Everything was going well and I was running at about 250° until I lost the sun around noon. At that point I was struggling to keep it over 200°, which also happened to coincide with the start of a 6 hour stall at about 155°. I would have pulled everything to finish in the oven hours earlier, but my wife decided yesterday was the perfect day for a baking marathon, so I had to wait my turn. I got them in the oven at about 6:30. I checked them at 201°, and they weren't even close to probe tender. Still not as tender as I'd like it at 205°, but the clock was ticking and I couldn't keep it in there much longer.

There was nothing positive about how this meat turned out. It was tough and dry. Didn't pull very well. The bark was like a hard shell that you couldn't crack with a hammer. I had to throw most of it out. It was very reminiscent of the Griswold's Christmas turkey. I'm sure I'm mostly to blame, but the weather and meat get some blame, too.

So now that I've told the mostly irrelevant story about my unfortunate day, here's my real purpose for the post. I have a 2 gallon ziplock bag of dry, yet still very flavorful, pulled pork sitting in my fridge. And I'm wondering how I can salvage it. My goal had been to do vacuum packs in 1 lb quantities to take out and reheat in water whenever necessary. Does it make sense to add broth to the packs before vacuuming? I've seen them do it on cooking competitions on tv to make a marinade work quicker by forcing the liquids into the meat.

Or if anyone has a better suggestion, I'd love to hear it.
 
Usually if my PP gets dry I will add some of my rub to a stick of melted butter and pour it over the top.
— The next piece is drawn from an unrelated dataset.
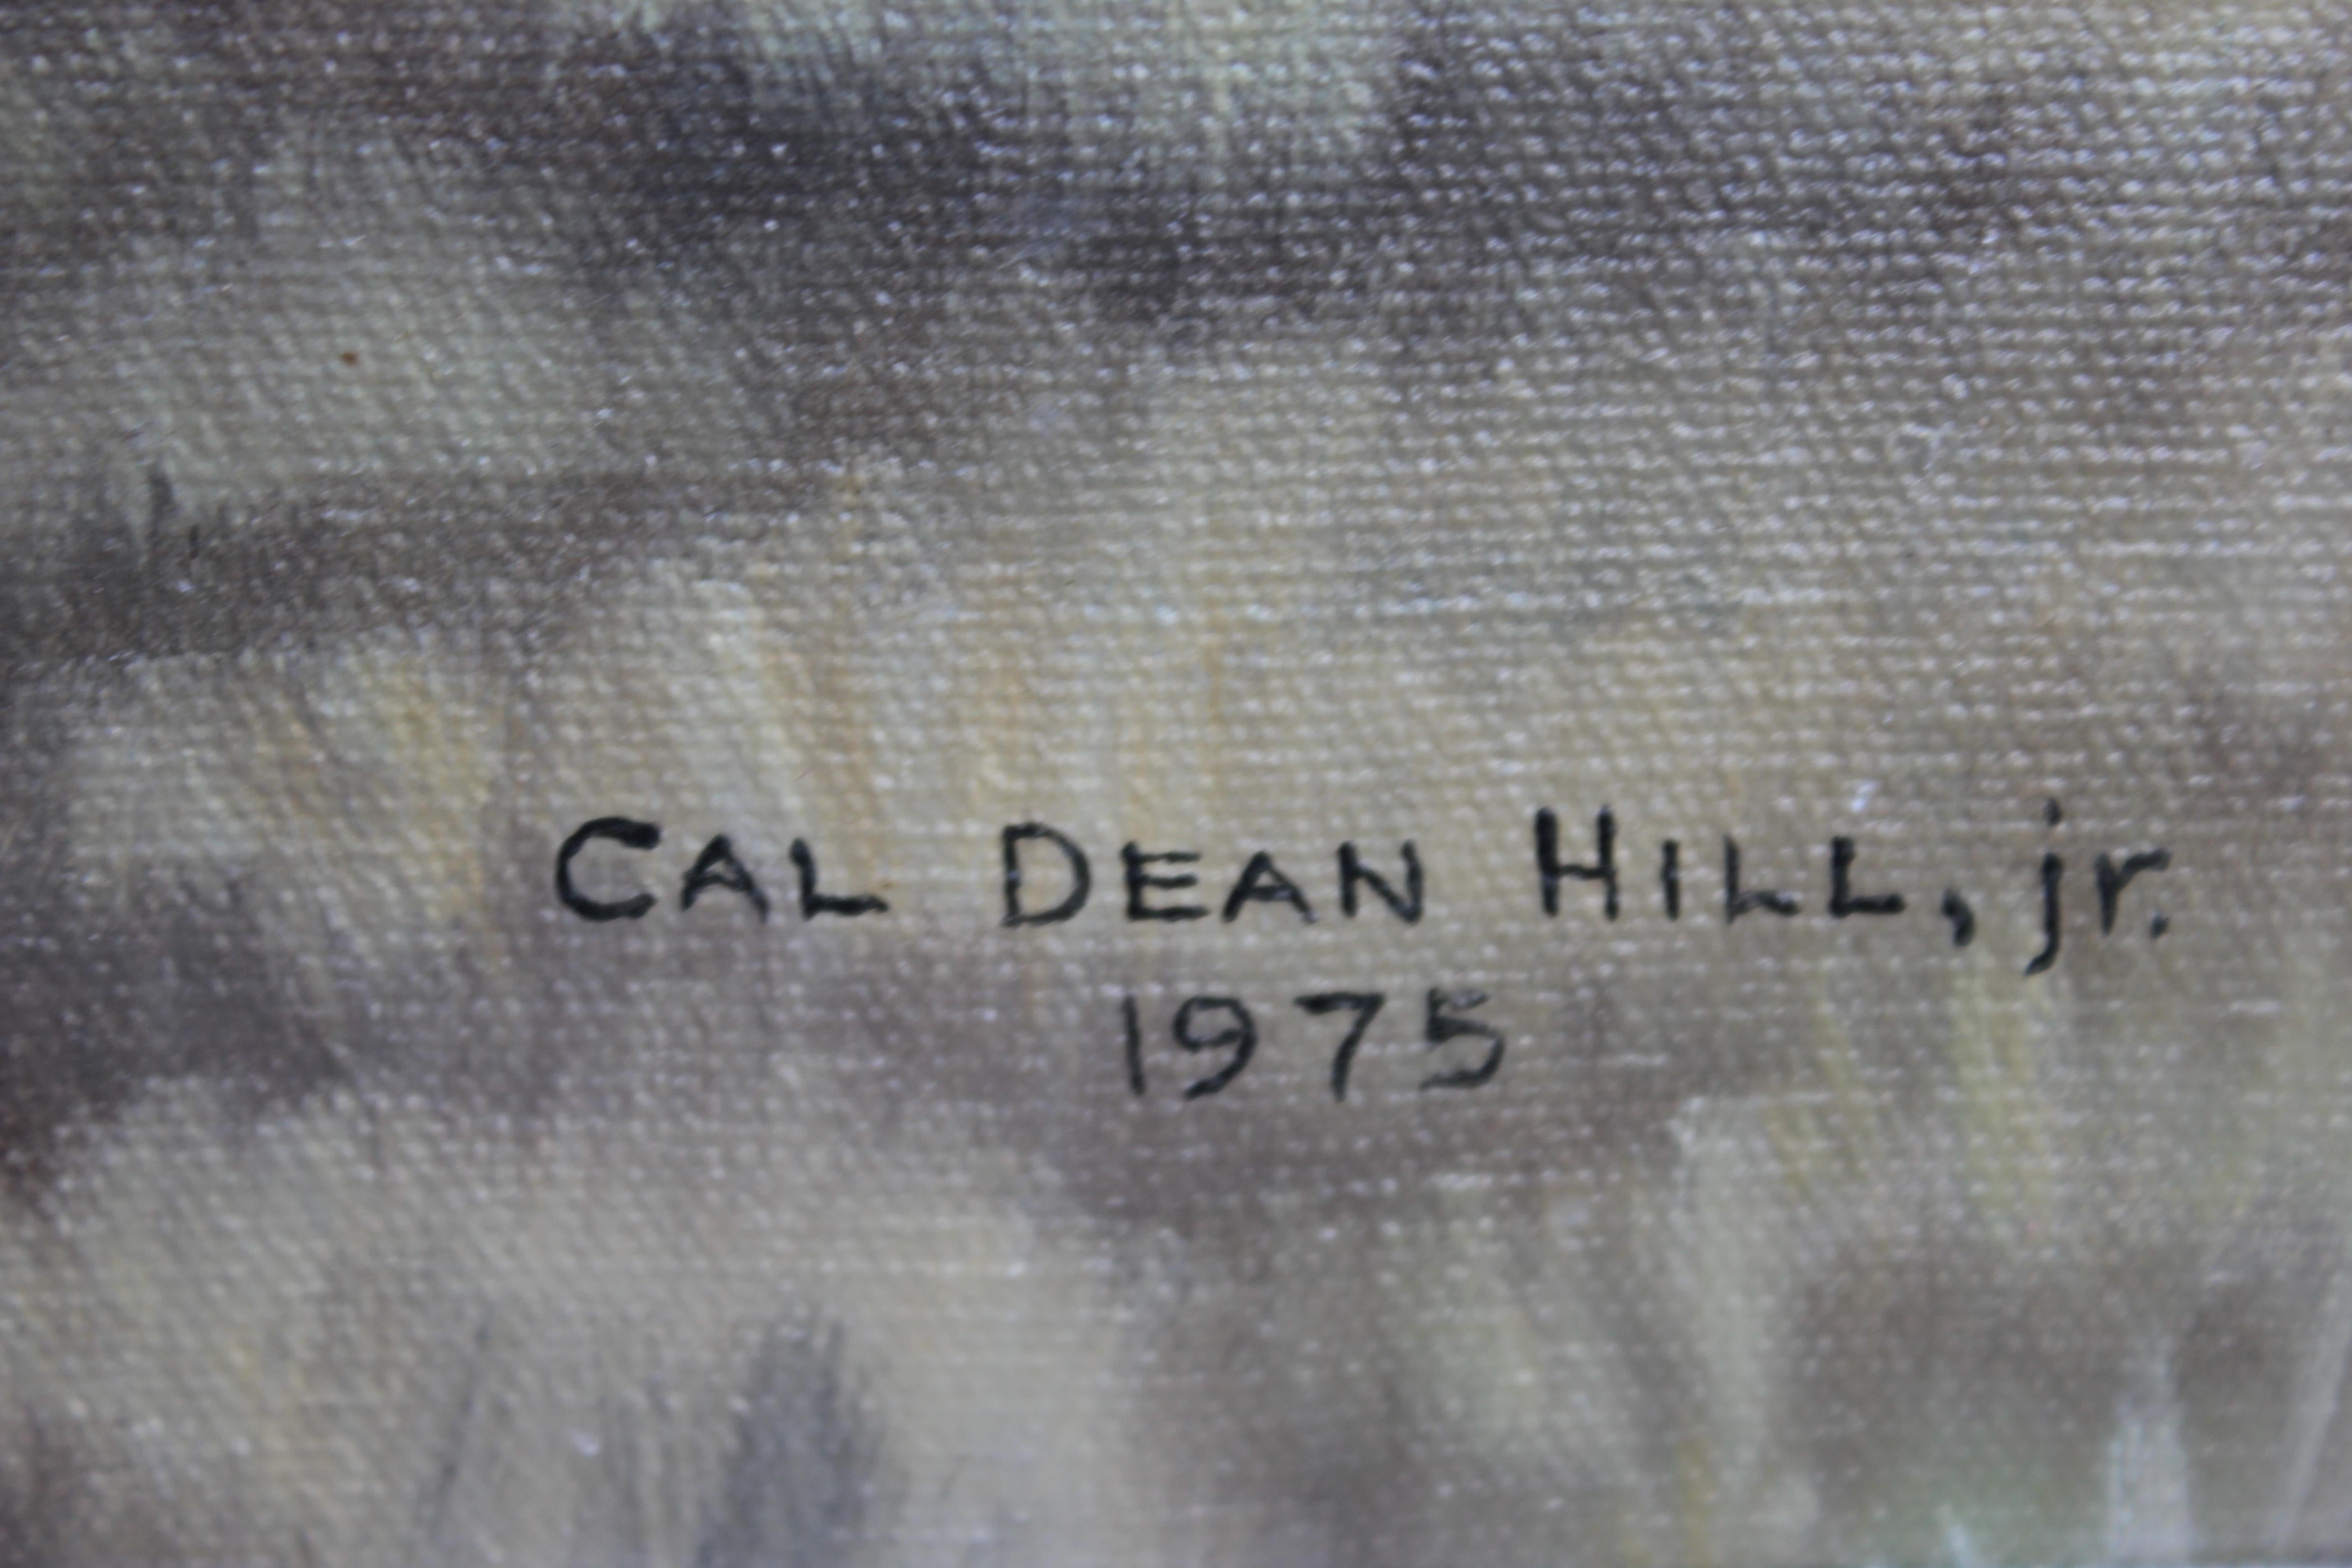 Realistisches Ölgemälde einer Wüstenlandschaft mit Gabelbockantilopen und einer Bergkette in der Ferne von Cal Dean Hill Jr. aus Houston aus dem Jahr 1975. Signiert und datiert in der rechten unteren Ecke. Aufgehängt in einem zweifarbigen Rahmen in

Gives you the moist tender mouth feel you are looking for with pulled pork.
 
I'm interested what some of the more experienced folks have to say but something isn't quite adding up here to me. A six hour stall isn't unheard of but it would definitely be on the higher end, and not out of the question if you are running around 200. The meat not being probe tender at 201-205 also sounds off to me. Every picnic and shoulder I've done will practically fall apart above 202-203.

Are you sure your thermometer is giving you accurate readings?

As for what to do with the meat - if it has good flavor you can try a finishing sauce to moisten it up.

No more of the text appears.